* Marc Perkel wrote (12/07/06 18:30):
Catchy subject line eh?
OK - so what I mean by this is that I now use SA for about 5% of all
incoming email. The reaso of spam is rejected before I get to SA through
a fairly large number of tricks that allow me to determine with near
100% accuracy things that are spam. It is none mostly through behavior
and karma related lists. Being host blacklisted or URI blacklisted.
I don't know if it's relevant to Marc's point, but it seems to me that
if SA was reduced to network checks only it would still be a very good
blocker of spam. And perhaps what Marc is doing is, more or less, moving
SA's network checks into the MTA and using them to reject rather than
just score.
I suppose something similar would be to score all the URIBL rules and
RCVD_IN rules high, and abandon the traditional regex rules.
Network checks are easily the most hit spam rules in SA anyway. Here's a
bit of sa-stats for spam on a machine I look after (the MTA blocks based
on sbl-xbl.spamhaus.org before anything gets to SA, so that's not
represented here):
1 BAYES_99
2 URIBL_BLACK
3 URIBL_SBL
4 URIBL_JP_SURBL
5 URIBL_OB_SURBL
6 RCVD_IN_SORBS_DUL
7 RCVD_IN_NJABL_DUL
8 HTML_MESSAGE
9 FORGED_RCVD_HELO
10 URIBL_SC_SURBL
11 URIBL_WS_SURBL
12 SARE_MLB_Stock6
13 URIBL_AB_SURBL
14 SARE_MLB_Stock1
15 STOCK_NAME_FVGT1
Of course that 5% is very important because that is where I get the
data for the other tests that allow me to bypass filtering.
Even this isn't necessarily so. Data for network tests can be collected
automatically, by trapping spammers who trawl the web/usenet for
addresses, those who scan for open port 25s, or those who try high MX's.
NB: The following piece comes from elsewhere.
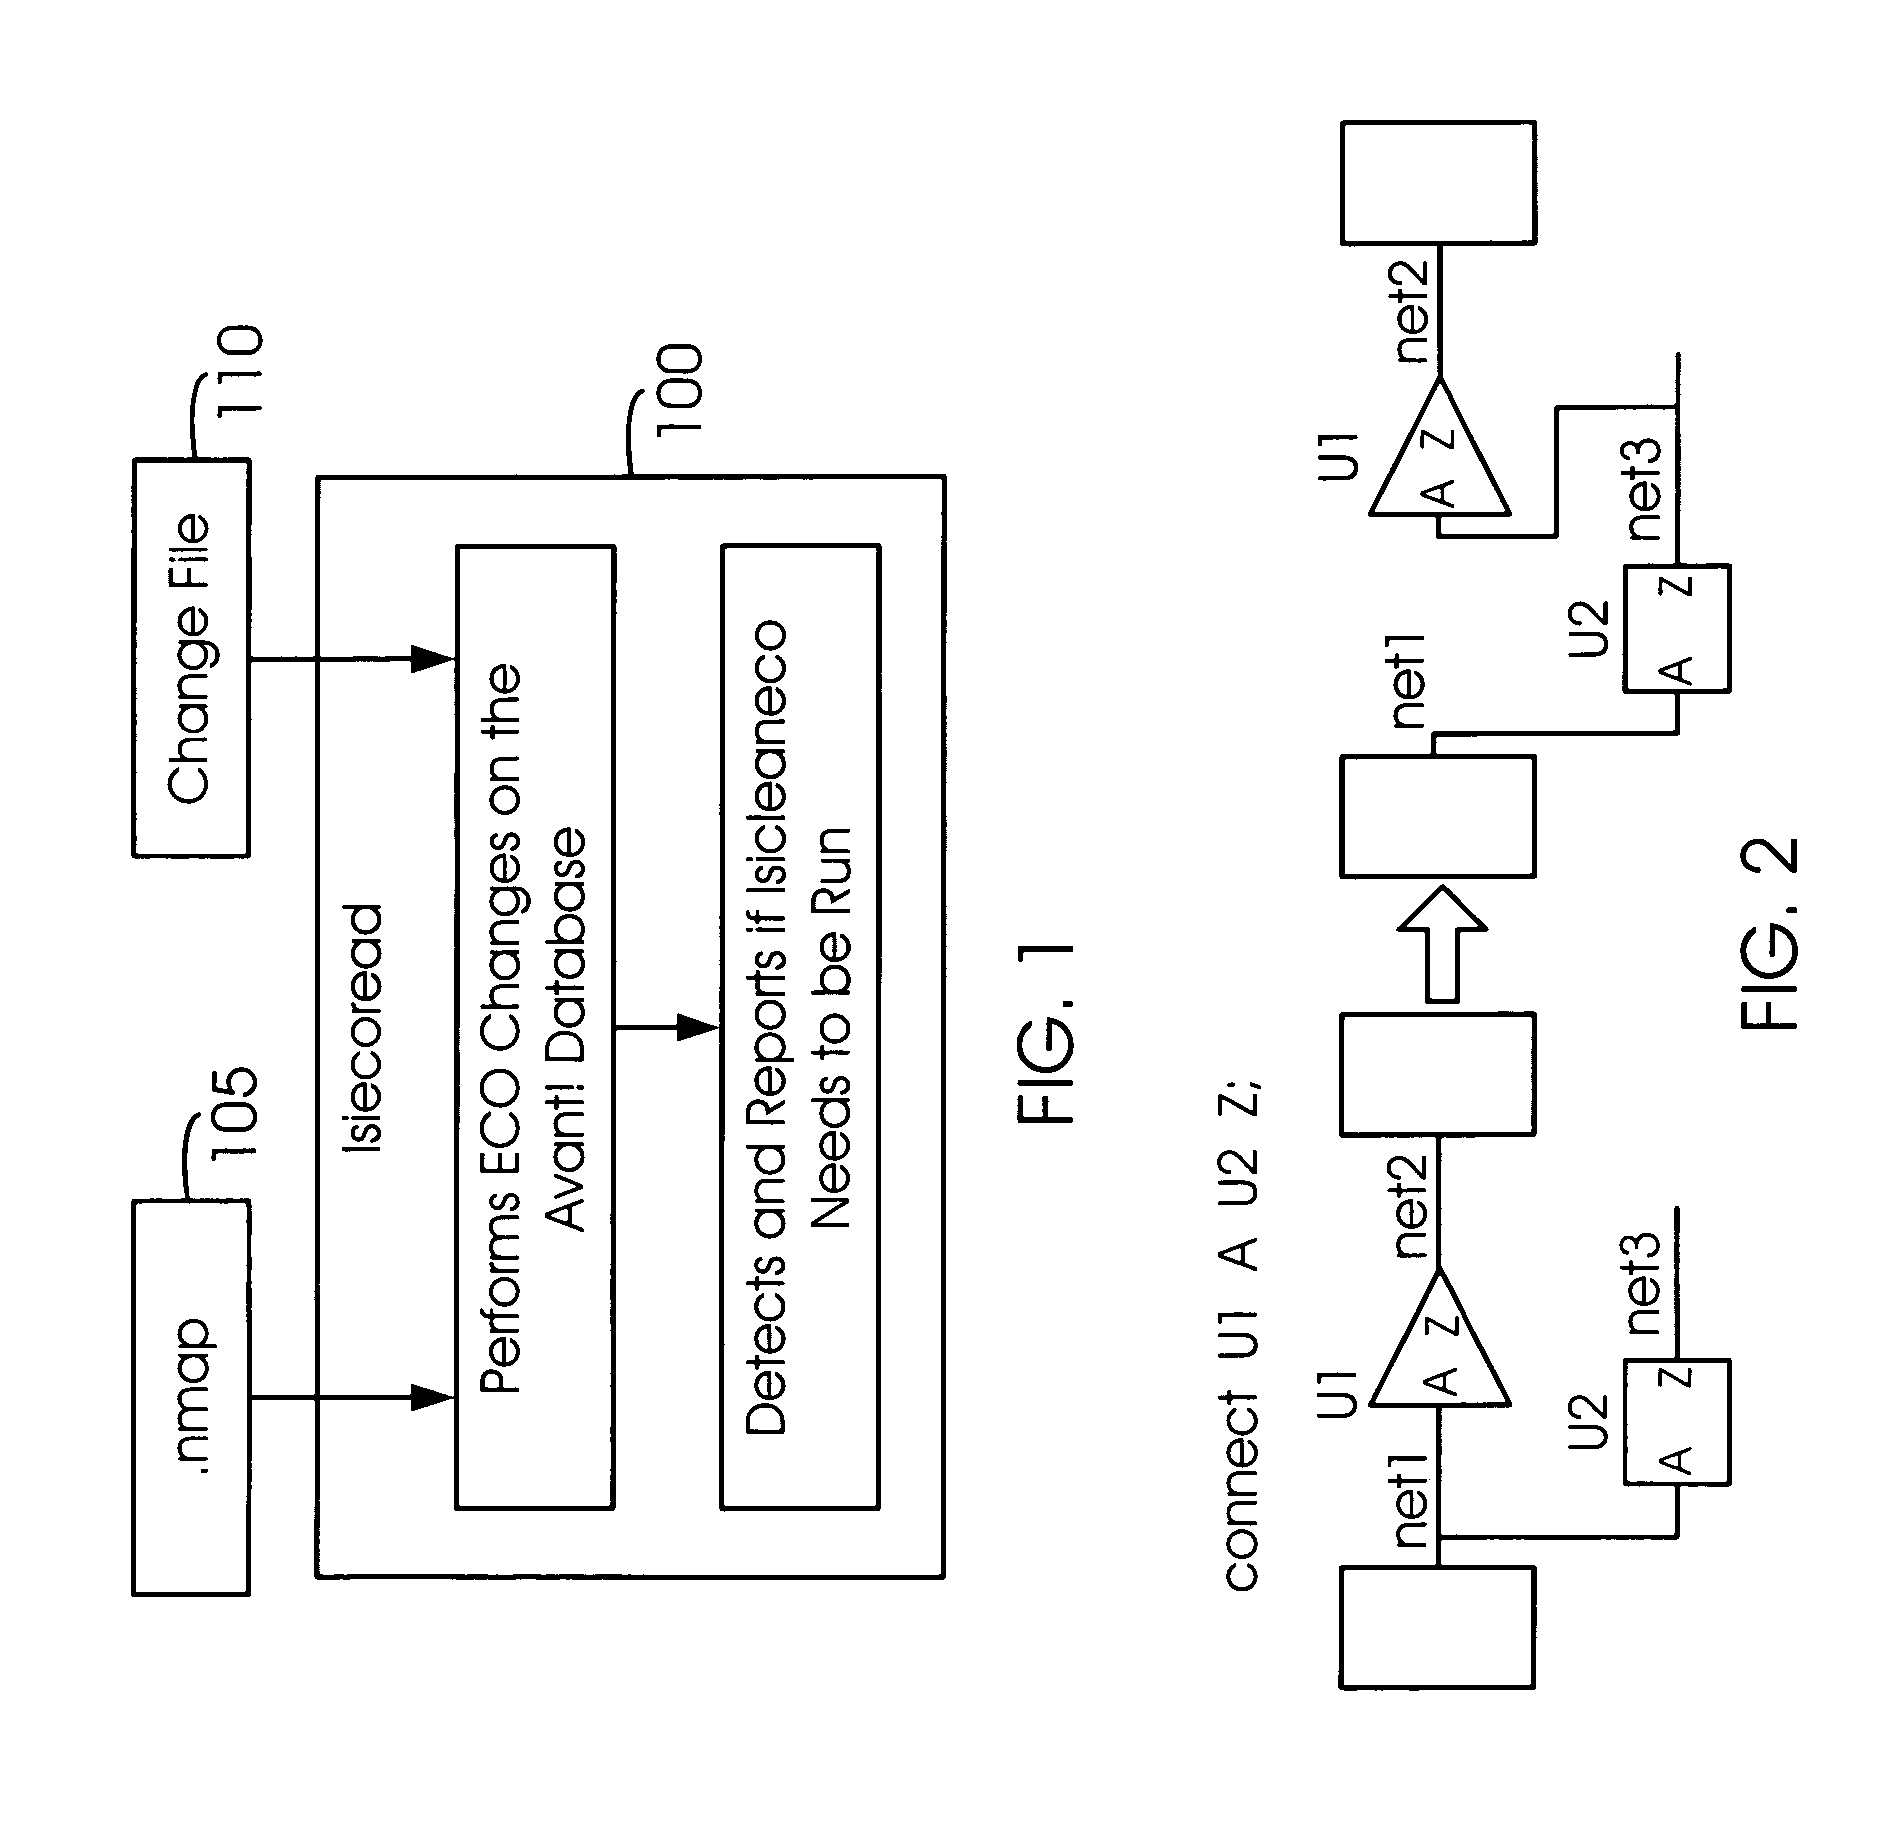 Method and apparatus for implementing engineering change orders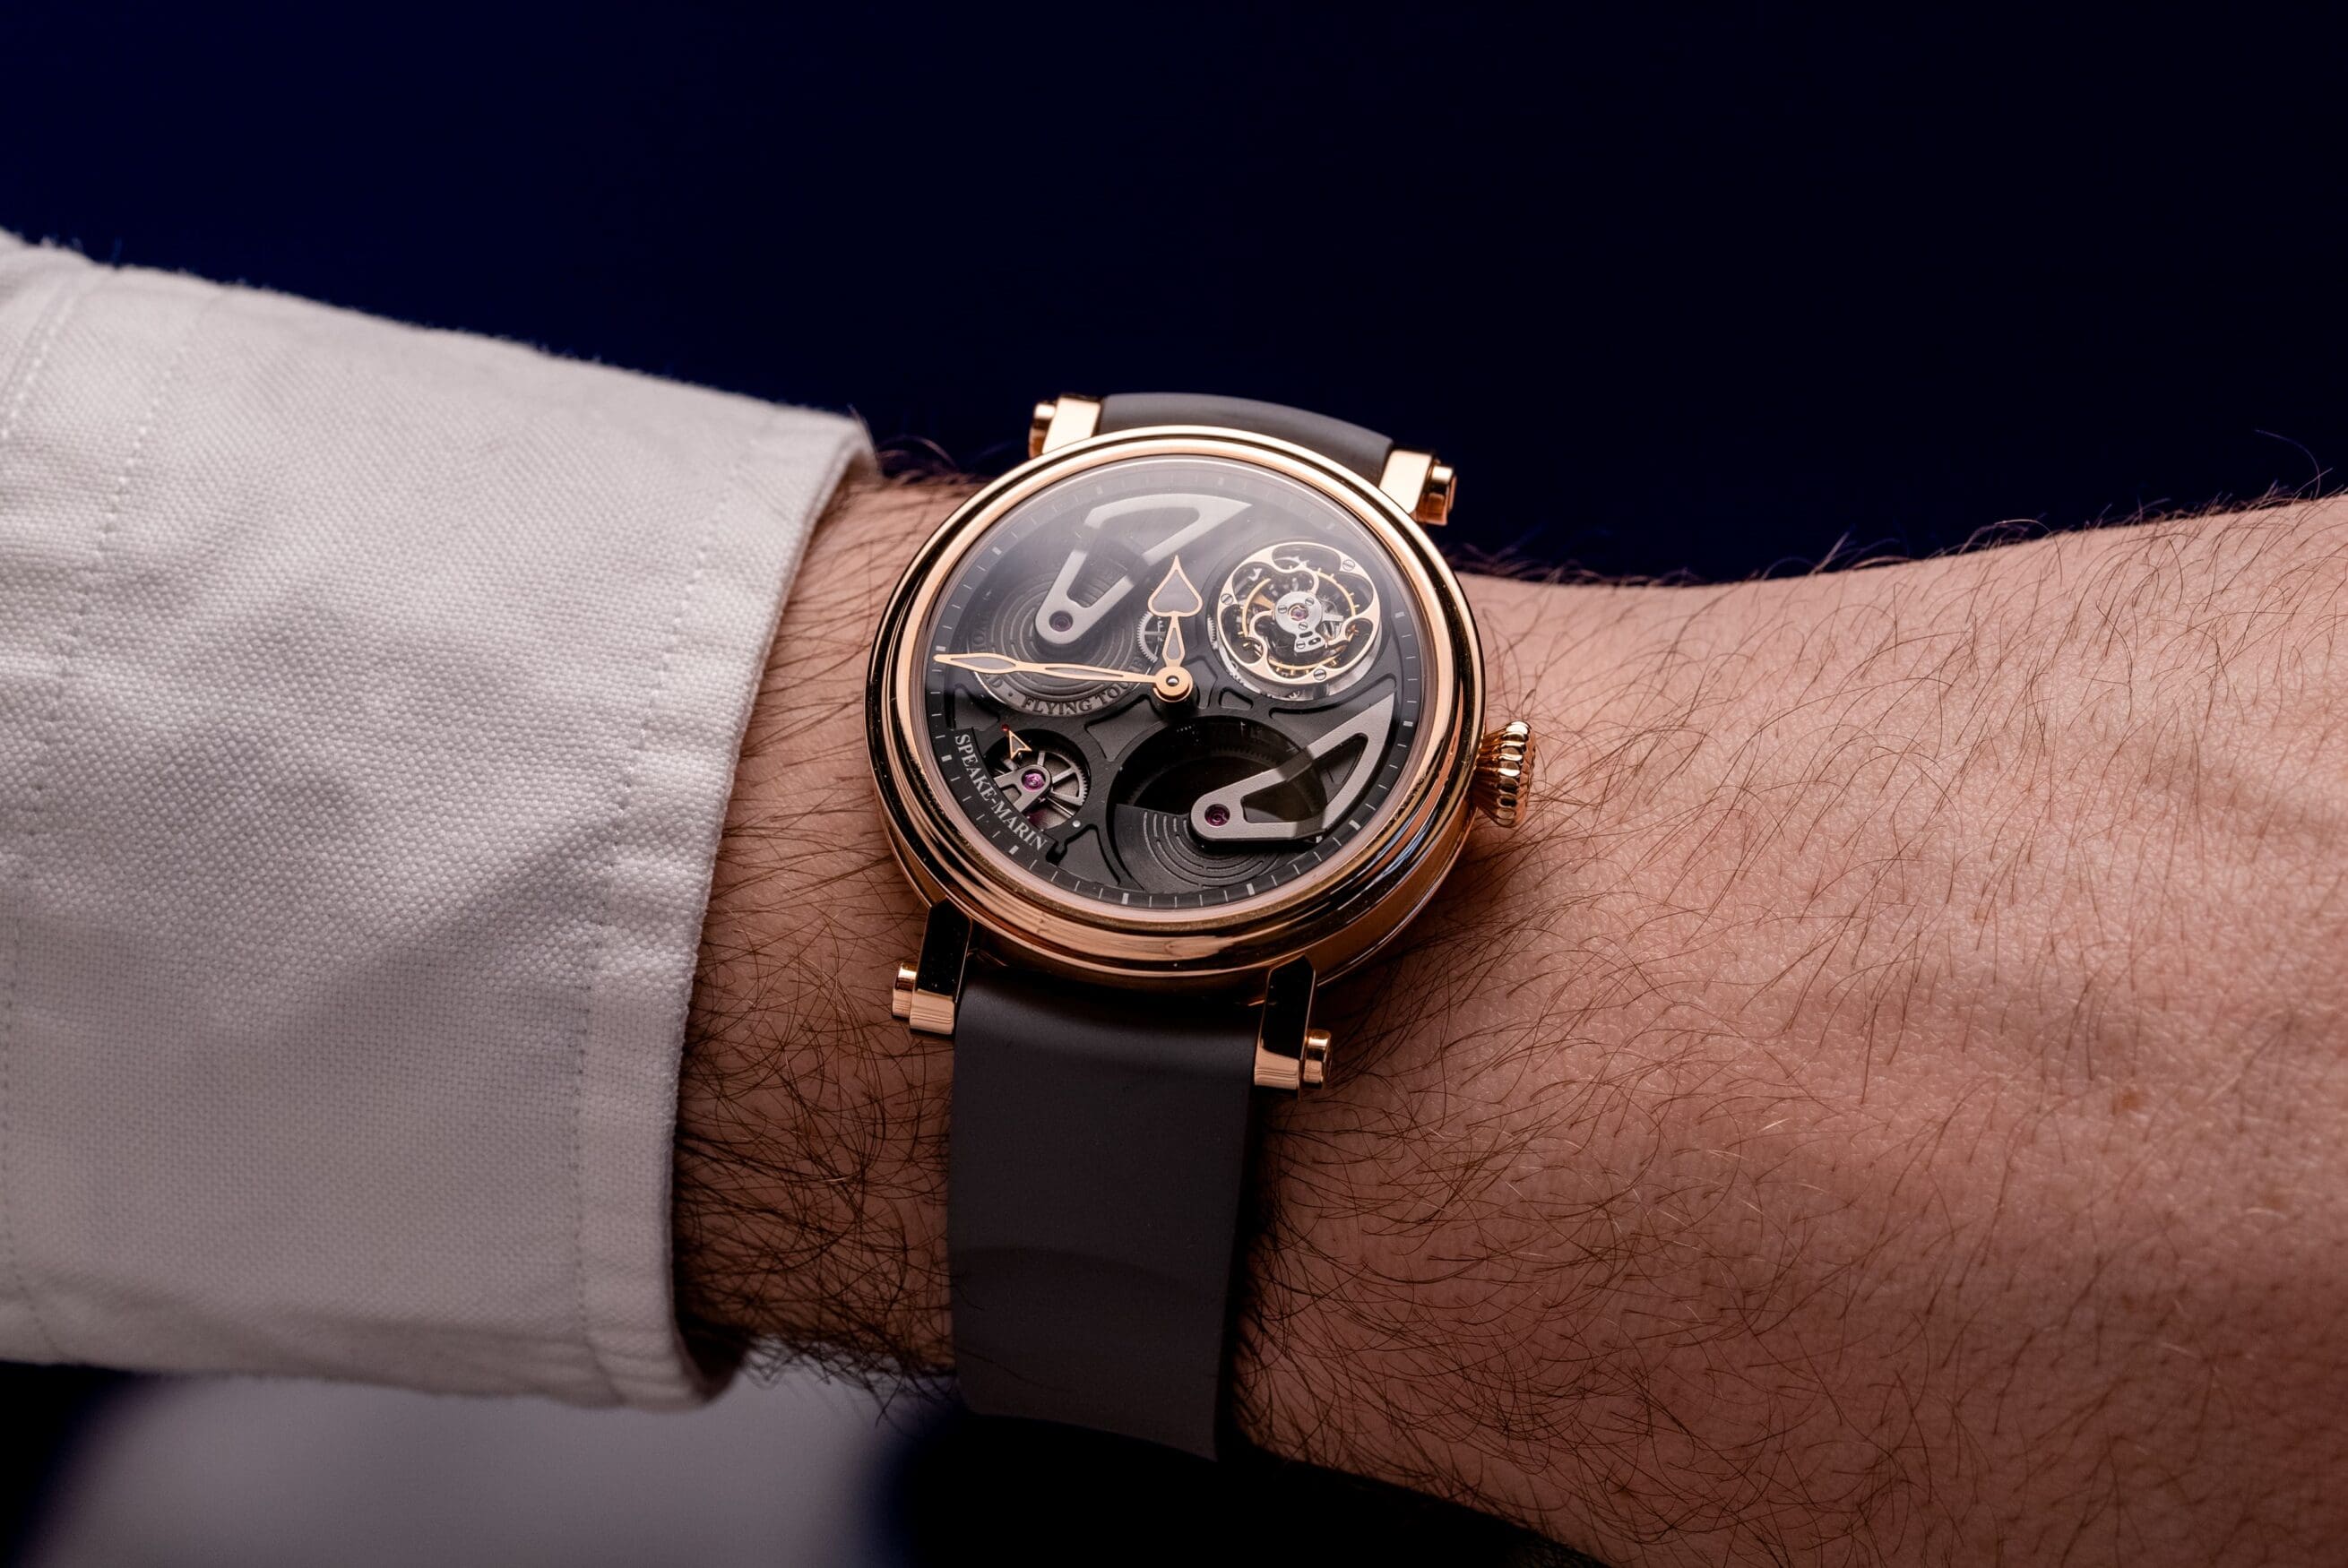 VIDEO: The Speake-Marin One & Two Openworked Tourbillons

So at least some useful data can be collected without SA, or even human
intervention.
But - I
want you all to start thinking of a new way to look at spam
filtering.
I'm not sure this is a "new way to look at spam filtering", but I agree
that content testing against regular expressions is increasingly looking
like a crude and easily-outwitted technique compared to dns tests. Bayes
is still good, though.